In 1971, the family moved to a divided Germany; her father was later elected to state parliament as a politician for the center-right Christian Democratic Union (CDU) party. Even now, von der Leyen can recall the fear she felt crossing from West Germany into Berlin. “God, you were just scared that anything might happen,” she says, with a shudder. “You felt no protection where the rule of law was concerned.”
Von der Leyen, who moves easily between English, German, and French, is very much a product of the postwar European order. But for a brief period, she was more likely to be found at a Soho pub or a punk concert than hobnobbing with the children of politicians.
In 1978, with her father facing threats that she would be kidnapped, she adopted the pseudonym “Rose Ladson,” and went to study at the London School of Economics. “I lived far more than I studied,” she told German newspaper Die Zeit in 2016. Cosmopolitan London gave her “an inner freedom” that she still treasures—though she tells me her love of punk has now waned in favor of classical music and, most of all, Adele.
She eventually returned to Germany, where she met her future husband, physician Heiko von der Leyen, in the University of Göttingen choir.
They married in 1986; soon after, she graduated from Hannover Medical School and began working as a gynecologist. In 1992, the couple moved to California with their three children when Heiko was offered a role on Stanford University’s faculty.
Ursula had given up work by then, but was surprised at how ready Stanford was to support them with childcare. Back in Germany, she says the expectation was that a good mother stays home with the kids. (That stigma persists to this day; in 2019, two-thirds of working mothers in Germany with a child under 18 worked part-time, rather than full time.)
“It was very modern and what I took back home was: never again will anybody give me a bad conscience about wanting to work and have kids.”
She became involved in local politics for the CDU after they returned to Germany in 2006. Though she disliked being compared to her father, she says his experience in politics meant it always seemed like a viable career path.
In 2005, Angela Merkel appointed her the Federal Minister for Family Affairs, Senior Citizens, Women and Youth. A protégé of Merkel, von der Leyen became a rising star in Germany and proved to be an unexpectedly radical force for the center-right party.

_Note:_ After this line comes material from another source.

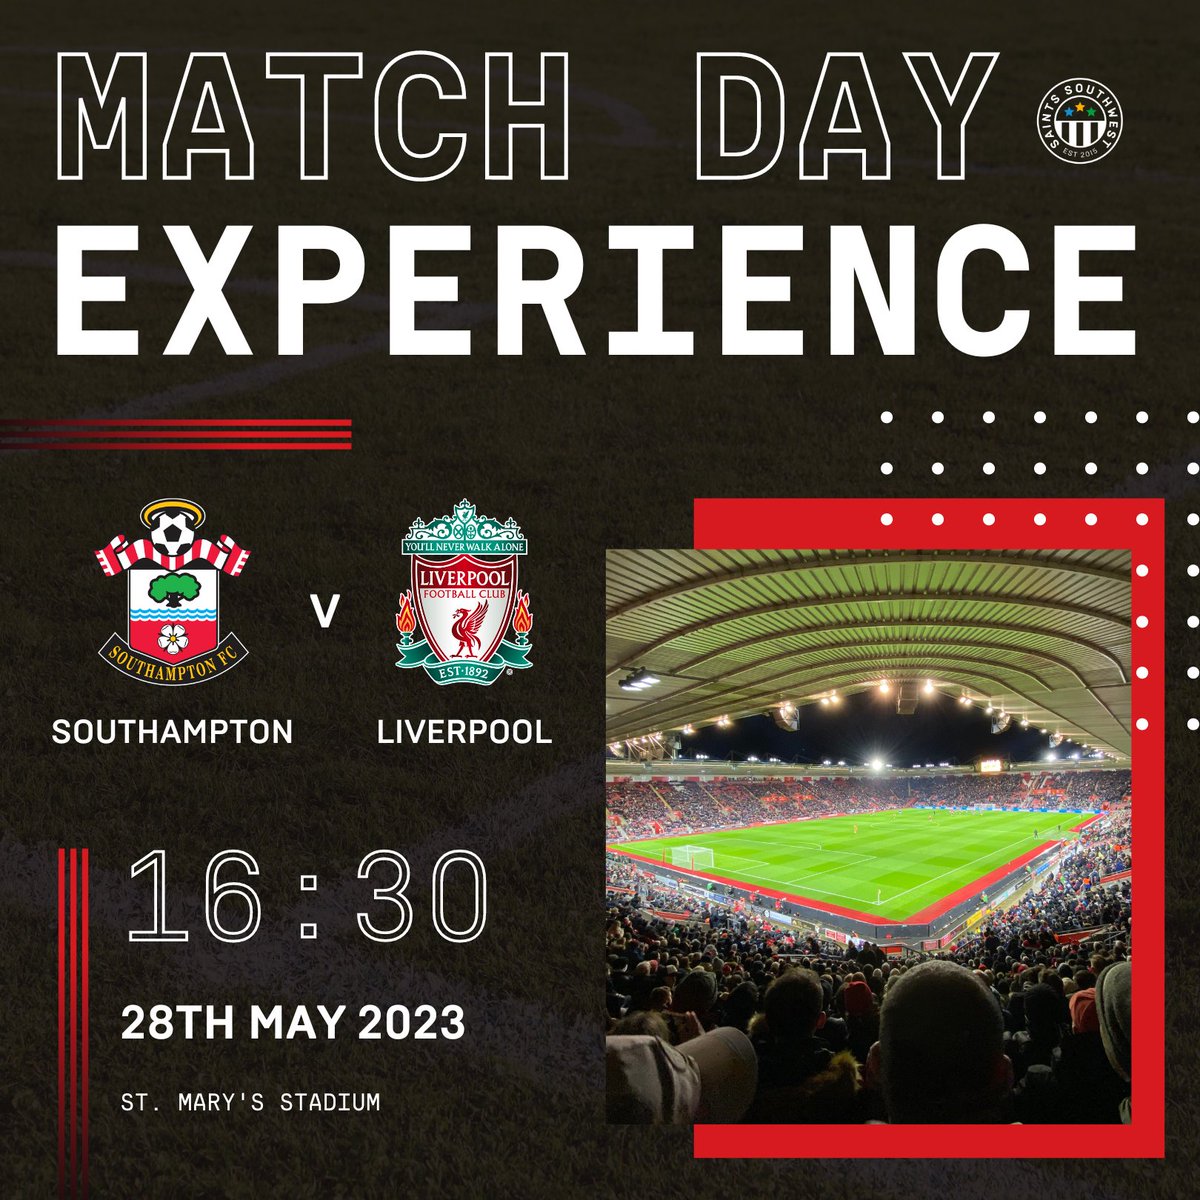 🔴 MATCH DAY EXPERIENCE TRIP

⚽️ It's the FINAL DAY of the Premier League season – and we're off to see some of the action for ourselves! Head over to our Facebook for lots of content from @SouthamptonFC versus @LFC, our last Match Day Experience Trip of the season.

#saintssw
😇

She introduced a paid parental-leave scheme that offered two additional months for fathers who took leave, and increased the number of state-funded day-care centers for children under 3.
As her career took off, her husband assumed much of the childcare responsibilities. She was always under pressure to explain how she did it. “Never would you ask a male minister: How are you managing with your seven children at home? I hated that.”

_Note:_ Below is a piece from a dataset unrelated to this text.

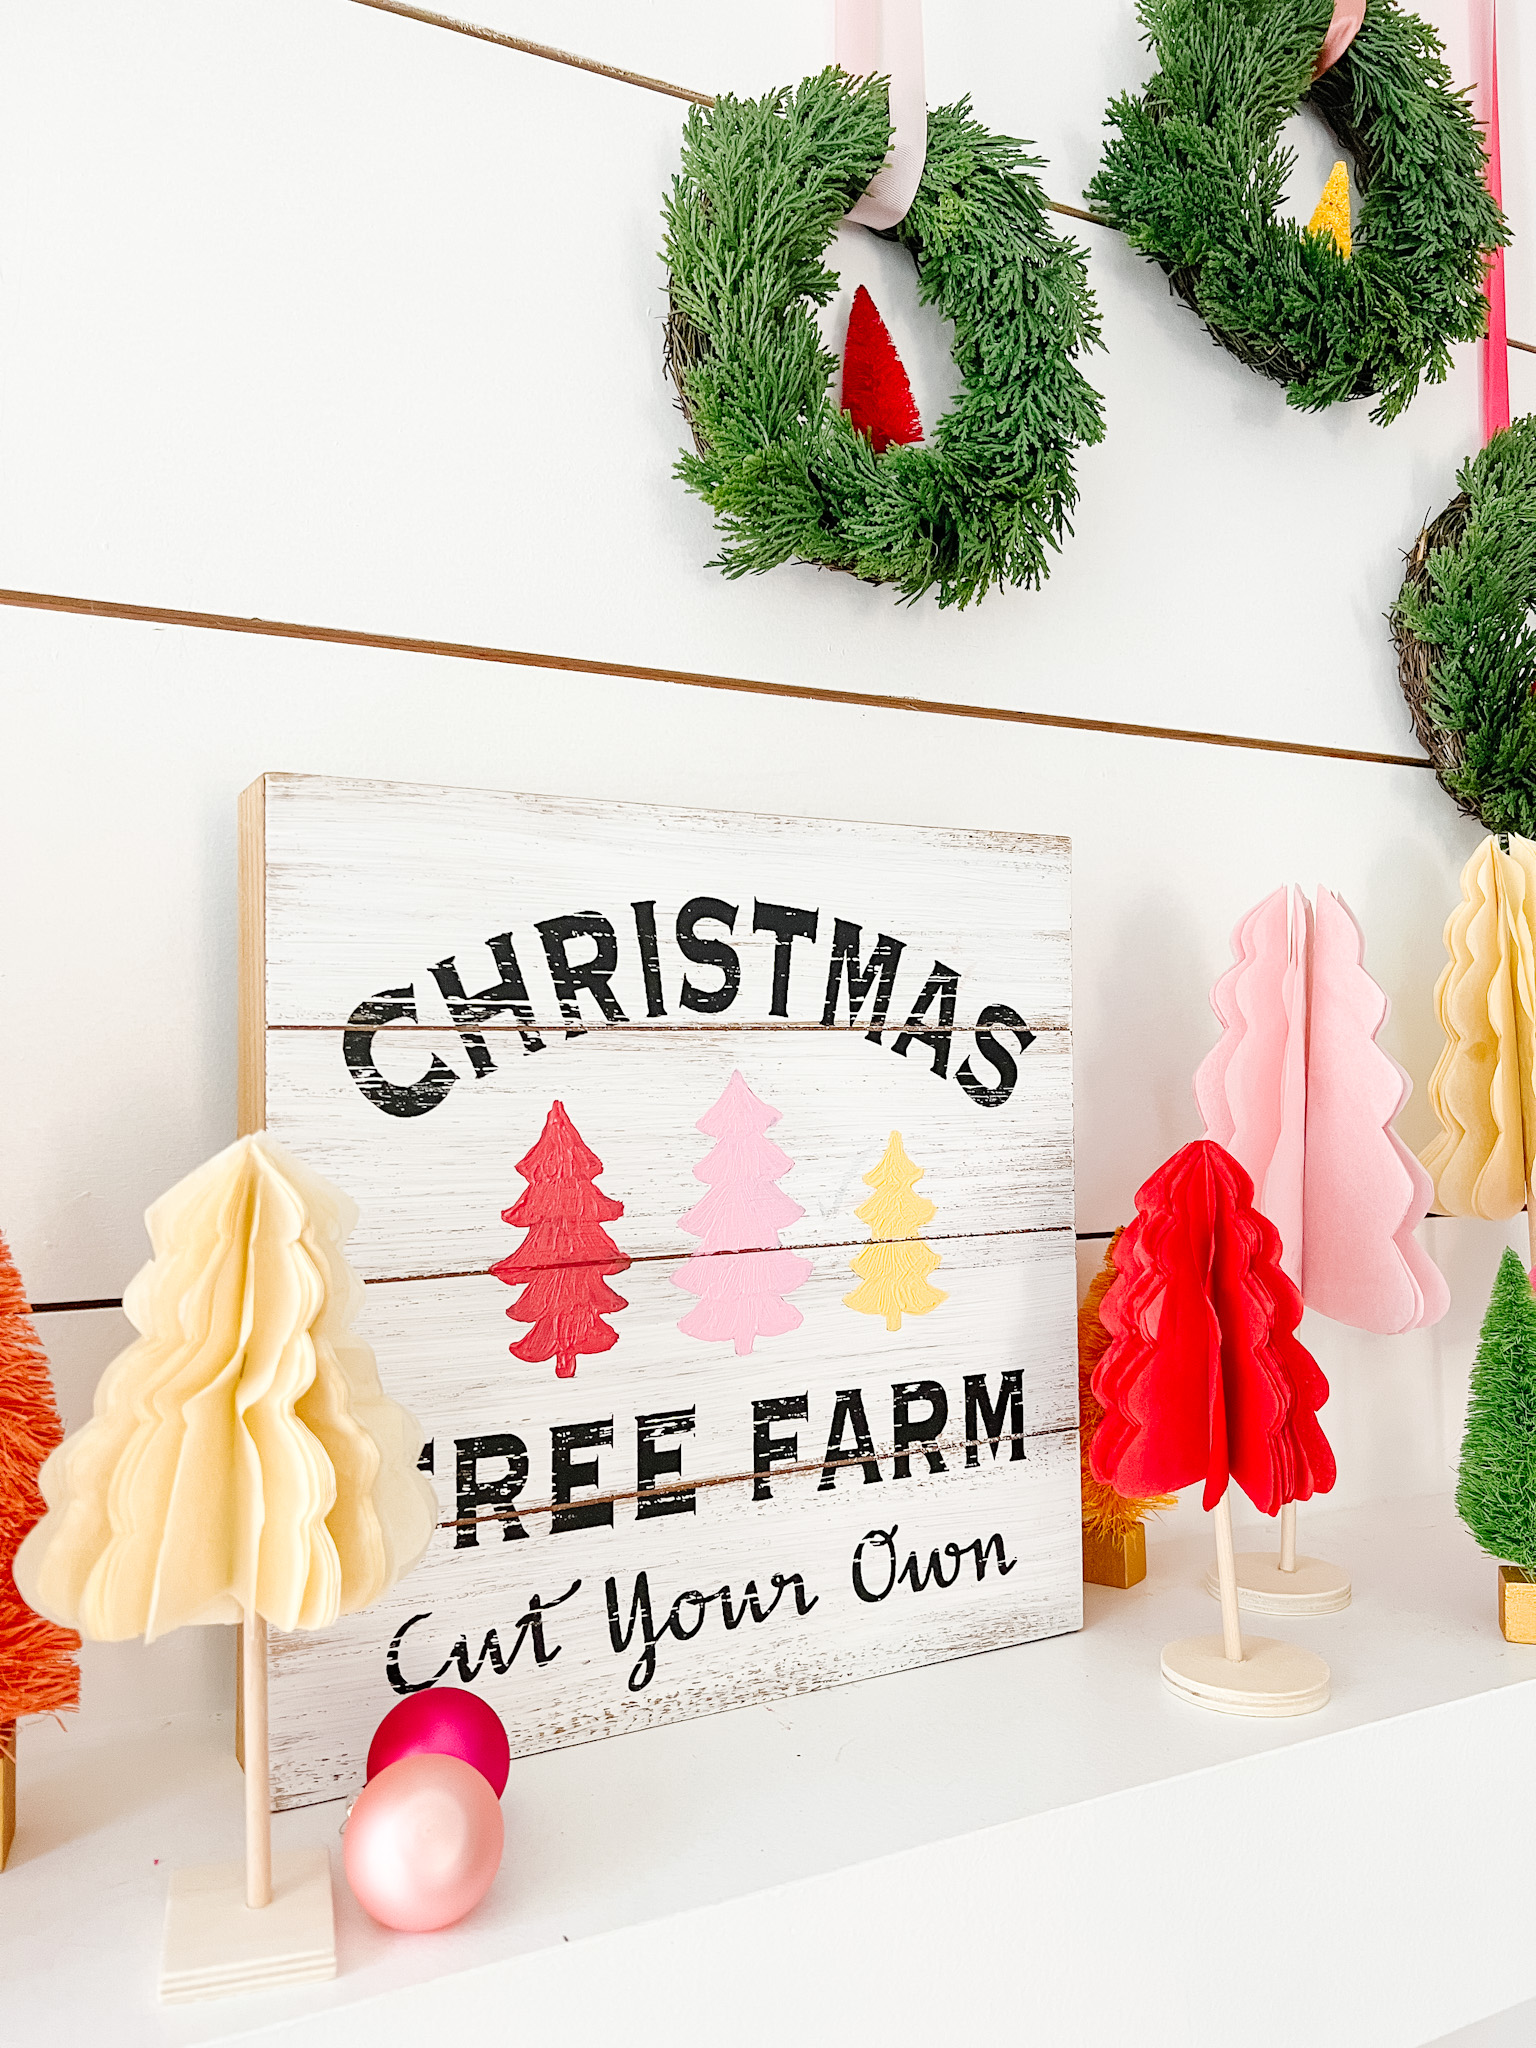 DIY Tissue Paper Holiday Trees. Add some color to your mantel or shelf by making these easy tissue paper trees with free printable templates.

In 2013, she was appointed Germany’s first female Defense Minister, widely considered the hardest job in Berlin, not to mention the most stereotypically “male.” The woman who was touted as Germany’s next leader—indeed, her 2015 biography had the title Chancellor in Reserve—was in a precarious position by 2019, tainted by a series of scandals.
It was French President Emmanuel Macron who saved her career, putting her name forward when negotiations for a new President of the European Commission were blocked.
Von der Leyen emerged as a surprise winner—thanks to a controversial backroom deal that got her one of Europe’s top jobs when she hadn’t even campaigned for it. By then, she was such a divisive figure at home that Germany was the only E.U. member state to abstain from the vote to nominate her.
She is reluctant to dwell on that period. “You learn a lot where leadership is concerned by not only being successful, but also if things go wrong,” she says simply. Though she’s the first woman to serve as President of the Commission, she says the world she now inhabits is “much easier” than the defense ministry.